» BRIEF:
Extract every line starting at the line that contains "Guitar Clipart, Bass" and ending with the final line of the data, inclusive; give only those lines, word for word.

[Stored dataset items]
****************************************

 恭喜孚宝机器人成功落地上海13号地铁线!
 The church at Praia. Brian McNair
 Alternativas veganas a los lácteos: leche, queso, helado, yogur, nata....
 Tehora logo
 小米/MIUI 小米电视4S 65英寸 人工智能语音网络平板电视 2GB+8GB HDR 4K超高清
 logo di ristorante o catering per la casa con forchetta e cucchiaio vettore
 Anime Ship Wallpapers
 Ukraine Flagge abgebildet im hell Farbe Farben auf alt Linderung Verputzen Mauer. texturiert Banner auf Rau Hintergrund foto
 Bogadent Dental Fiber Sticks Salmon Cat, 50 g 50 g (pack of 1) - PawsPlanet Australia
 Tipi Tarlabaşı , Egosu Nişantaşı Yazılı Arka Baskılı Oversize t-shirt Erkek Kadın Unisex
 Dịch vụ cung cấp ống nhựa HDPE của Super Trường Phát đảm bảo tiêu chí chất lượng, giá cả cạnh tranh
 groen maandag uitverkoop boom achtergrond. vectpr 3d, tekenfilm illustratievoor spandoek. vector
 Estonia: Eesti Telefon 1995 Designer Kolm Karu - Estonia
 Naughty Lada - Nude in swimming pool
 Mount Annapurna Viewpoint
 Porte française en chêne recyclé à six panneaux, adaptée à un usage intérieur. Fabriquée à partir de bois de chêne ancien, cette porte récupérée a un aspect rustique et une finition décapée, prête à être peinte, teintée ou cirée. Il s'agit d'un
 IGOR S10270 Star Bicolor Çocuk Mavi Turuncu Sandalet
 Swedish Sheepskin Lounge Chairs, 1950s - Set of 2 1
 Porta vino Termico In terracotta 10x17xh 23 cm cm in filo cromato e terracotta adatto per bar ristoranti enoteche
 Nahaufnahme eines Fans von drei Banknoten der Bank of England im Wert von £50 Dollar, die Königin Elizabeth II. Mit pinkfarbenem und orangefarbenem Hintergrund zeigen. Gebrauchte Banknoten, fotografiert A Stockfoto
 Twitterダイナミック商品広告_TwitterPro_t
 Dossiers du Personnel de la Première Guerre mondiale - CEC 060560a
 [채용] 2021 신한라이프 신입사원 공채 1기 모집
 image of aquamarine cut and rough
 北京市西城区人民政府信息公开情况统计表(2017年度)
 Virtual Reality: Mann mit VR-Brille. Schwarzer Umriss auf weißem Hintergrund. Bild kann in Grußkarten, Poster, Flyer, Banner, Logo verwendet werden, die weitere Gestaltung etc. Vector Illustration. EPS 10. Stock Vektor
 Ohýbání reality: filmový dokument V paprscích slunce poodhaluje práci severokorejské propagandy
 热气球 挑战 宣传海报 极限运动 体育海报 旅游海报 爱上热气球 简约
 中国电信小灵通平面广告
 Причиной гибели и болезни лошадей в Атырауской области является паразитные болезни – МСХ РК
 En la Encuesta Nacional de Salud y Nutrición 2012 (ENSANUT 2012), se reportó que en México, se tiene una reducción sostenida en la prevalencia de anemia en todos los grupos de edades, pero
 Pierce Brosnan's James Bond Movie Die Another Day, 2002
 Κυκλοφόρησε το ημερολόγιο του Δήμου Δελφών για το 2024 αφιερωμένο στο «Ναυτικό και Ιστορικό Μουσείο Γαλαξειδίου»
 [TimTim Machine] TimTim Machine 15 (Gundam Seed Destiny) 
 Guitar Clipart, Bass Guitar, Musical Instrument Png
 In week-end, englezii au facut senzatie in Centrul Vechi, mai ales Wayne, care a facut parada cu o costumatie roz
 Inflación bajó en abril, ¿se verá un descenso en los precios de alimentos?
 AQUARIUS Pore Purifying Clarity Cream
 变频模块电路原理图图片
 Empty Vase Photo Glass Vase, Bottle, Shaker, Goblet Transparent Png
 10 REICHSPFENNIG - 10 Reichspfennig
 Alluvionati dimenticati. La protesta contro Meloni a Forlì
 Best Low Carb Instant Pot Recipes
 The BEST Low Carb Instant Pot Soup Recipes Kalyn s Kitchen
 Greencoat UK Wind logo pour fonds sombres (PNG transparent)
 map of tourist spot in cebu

****************************************

» SOLUTION TO THIS TASK:
 Guitar Clipart, Bass Guitar, Musical Instrument Png
 In week-end, englezii au facut senzatie in Centrul Vechi, mai ales Wayne, care a facut parada cu o costumatie roz
 Inflación bajó en abril, ¿se verá un descenso en los precios de alimentos?
 AQUARIUS Pore Purifying Clarity Cream
 变频模块电路原理图图片
 Empty Vase Photo Glass Vase, Bottle, Shaker, Goblet Transparent Png
 10 REICHSPFENNIG - 10 Reichspfennig
 Alluvionati dimenticati. La protesta contro Meloni a Forlì
 Best Low Carb Instant Pot Recipes
 The BEST Low Carb Instant Pot Soup Recipes Kalyn s Kitchen
 Greencoat UK Wind logo pour fonds sombres (PNG transparent)
 map of tourist spot in cebu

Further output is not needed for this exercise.